NVIDIA Calls BS On AMD's H100 Versus MI300X Performance Claims, Shares Benchmarks
NVIDIA shares that “DGX H100 can process a single inference in 1.7 seconds using a batch size of one—in other words, one inference request at a time. A batch size of one results in the fastest possible response time for serving a model.”
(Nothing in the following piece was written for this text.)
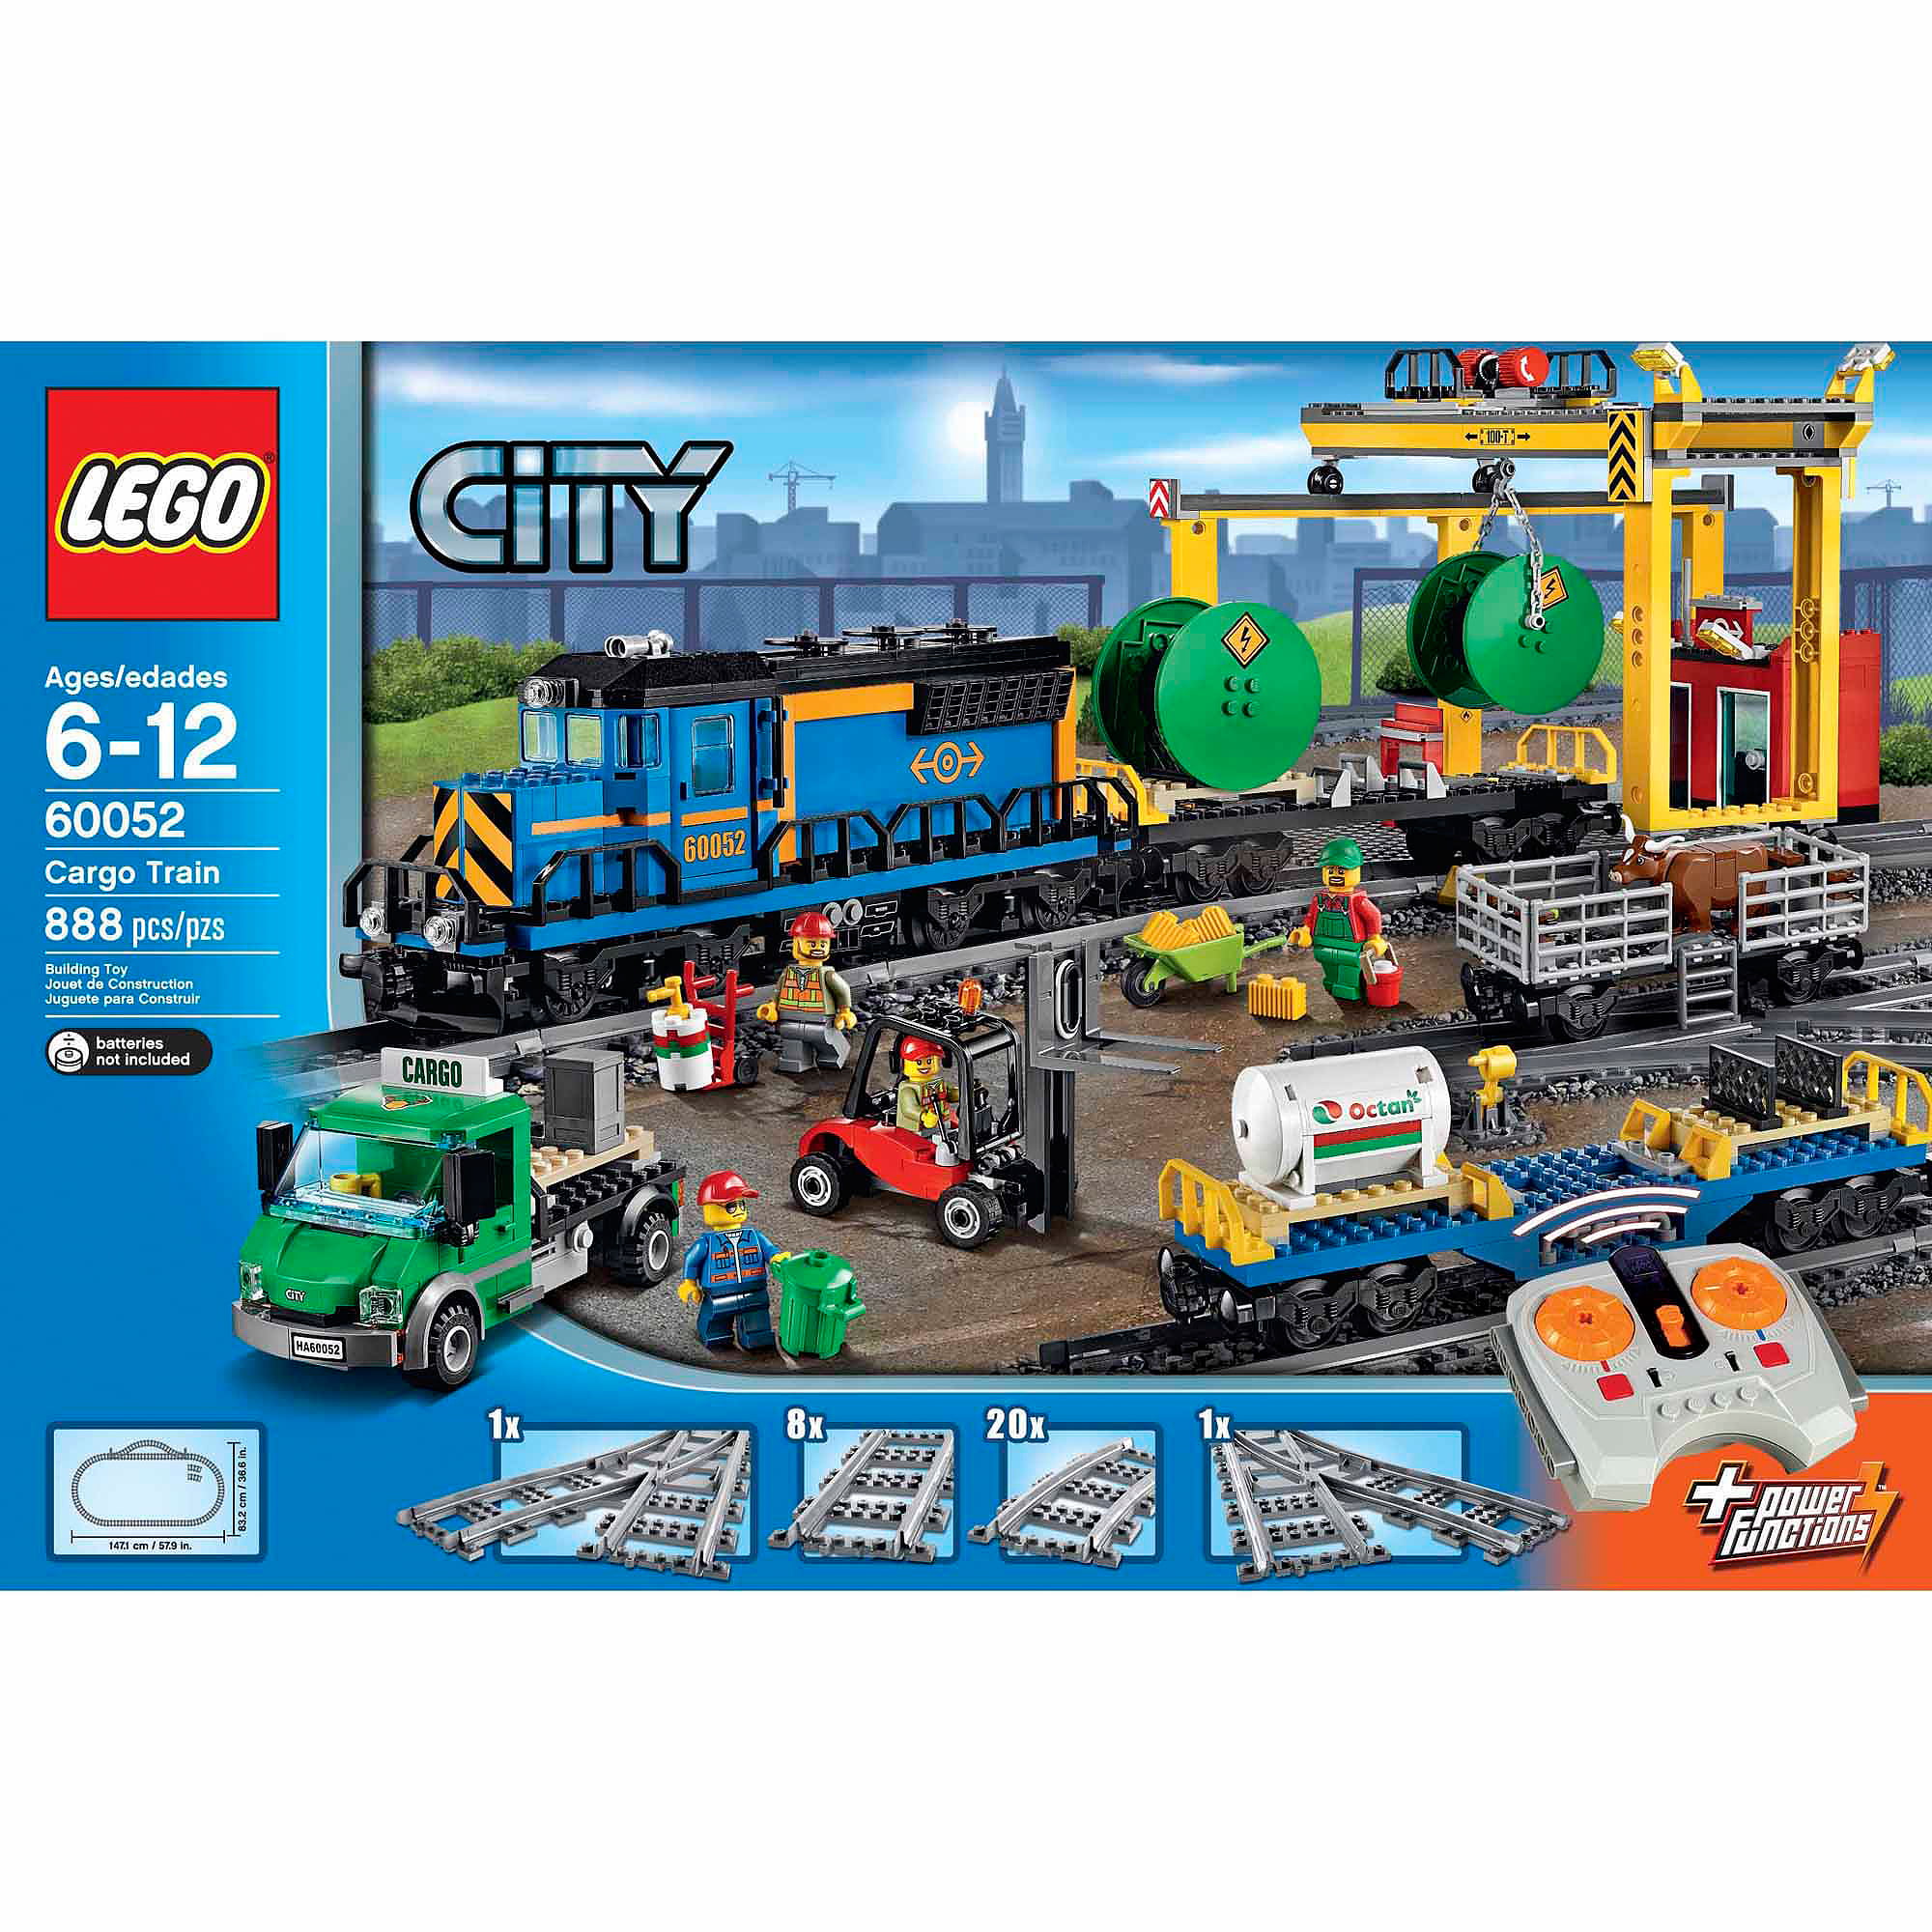 New Lego City Trains Cargo Train 60052 Building Toy Free Shipping Ebay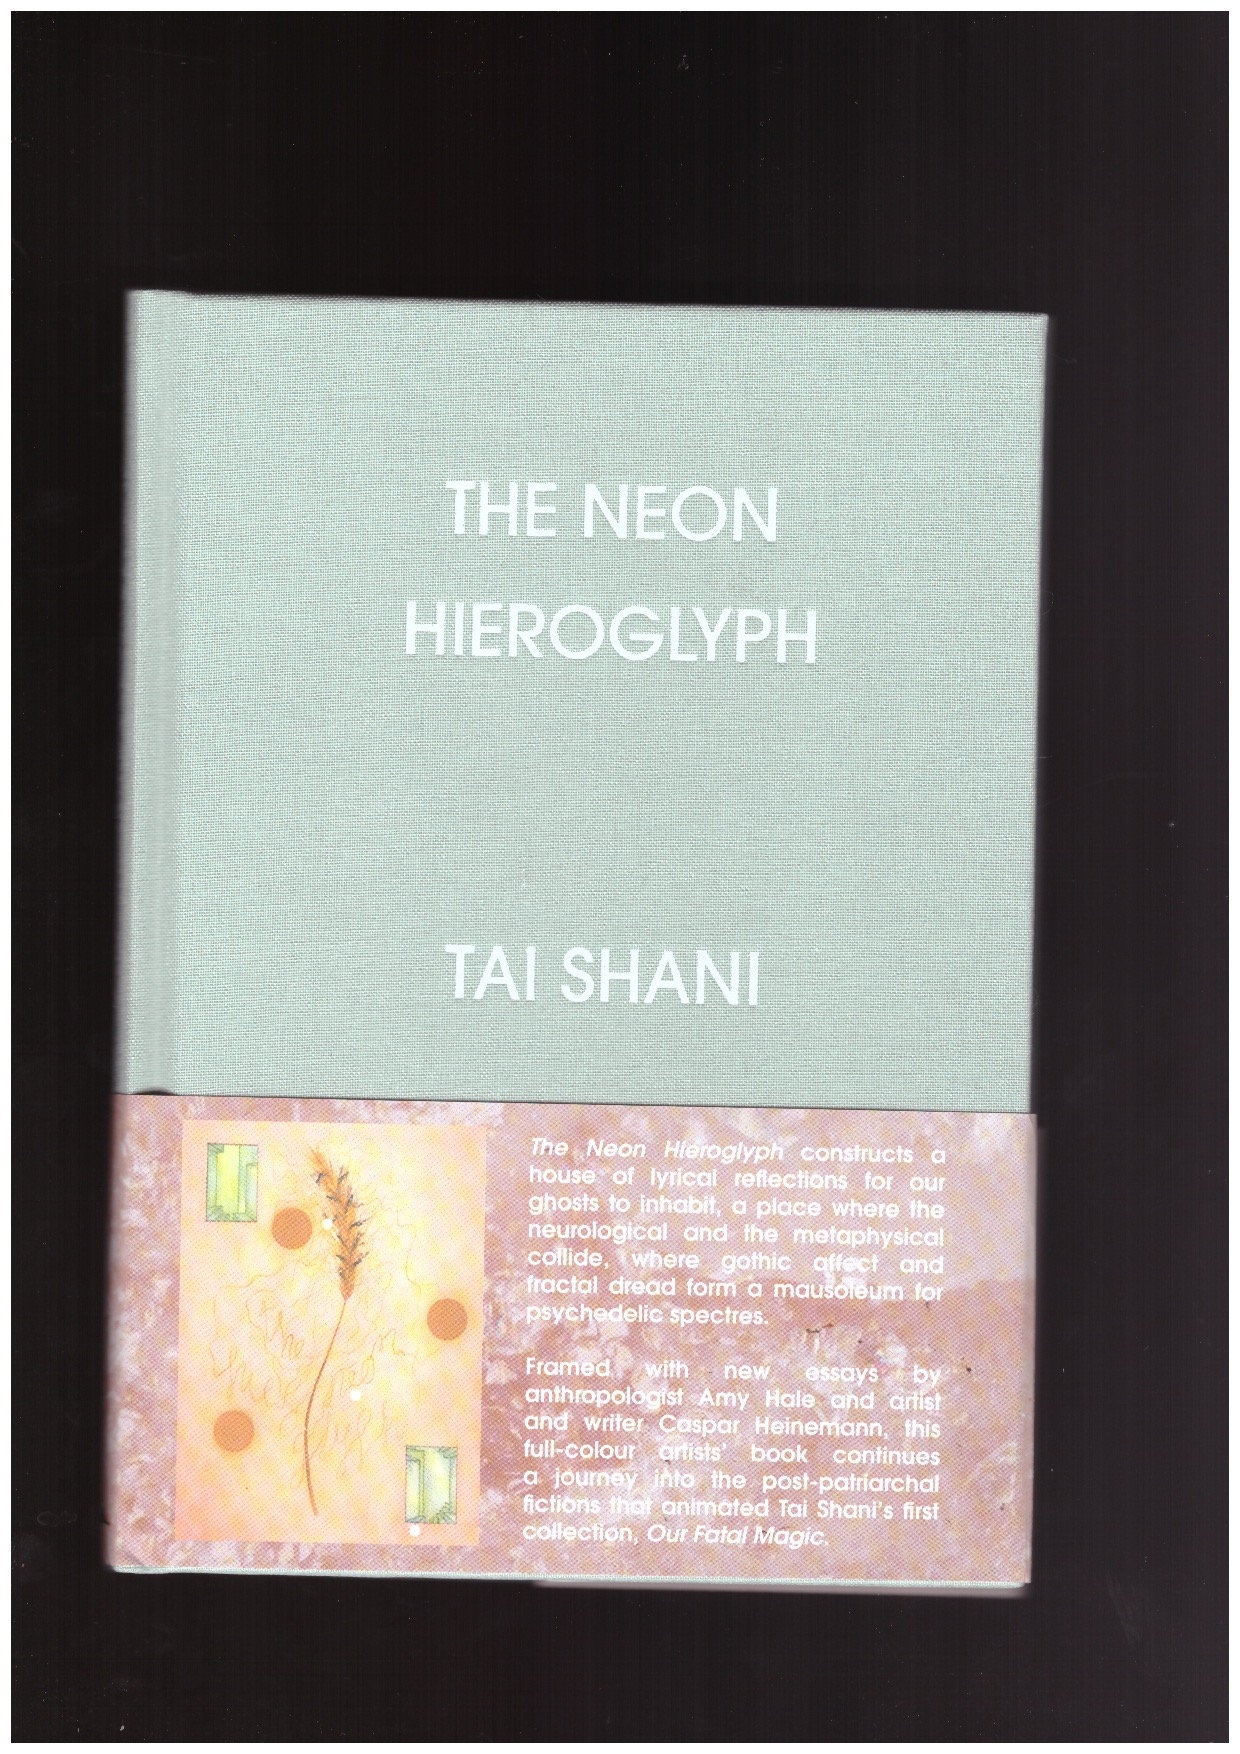 SHANI, Tai - The Neon Hieroglyph

In addition to refuting AMD's claims, NVIDIA brought receipts, too. Sharing a graph that shows what it says is the actual performance of its combined hardware and software stack. The data highlights the performance results of a DGX H100 server using eight H100 GPUs on the Llama 2 70B model.

Figure 1. Llama 2 70B server inference performance in queries per second with 2,048 input tokens and 128 output tokens for “Batch 1” and various fixed response time settings. Courtesy of NVIDIA.
Anyone wanting to validate these claims will be able to do so because NVIDIA is sharing the information necessary to reproduce the results. The blog post contains the command lines for the scripts used by NVIDIA to build its model, alongside the benchmarking scripts used to gather the data.
It’s surprising that AMD didn’t make sure that the data it shared was as accurate as necessary, as it was only a matter of time until NVIDIA or LLM enthusiasts fact checked it. If AMD wants to gain ground on NVIDIA in the race for AI market share these types of mistakes need to be eliminated.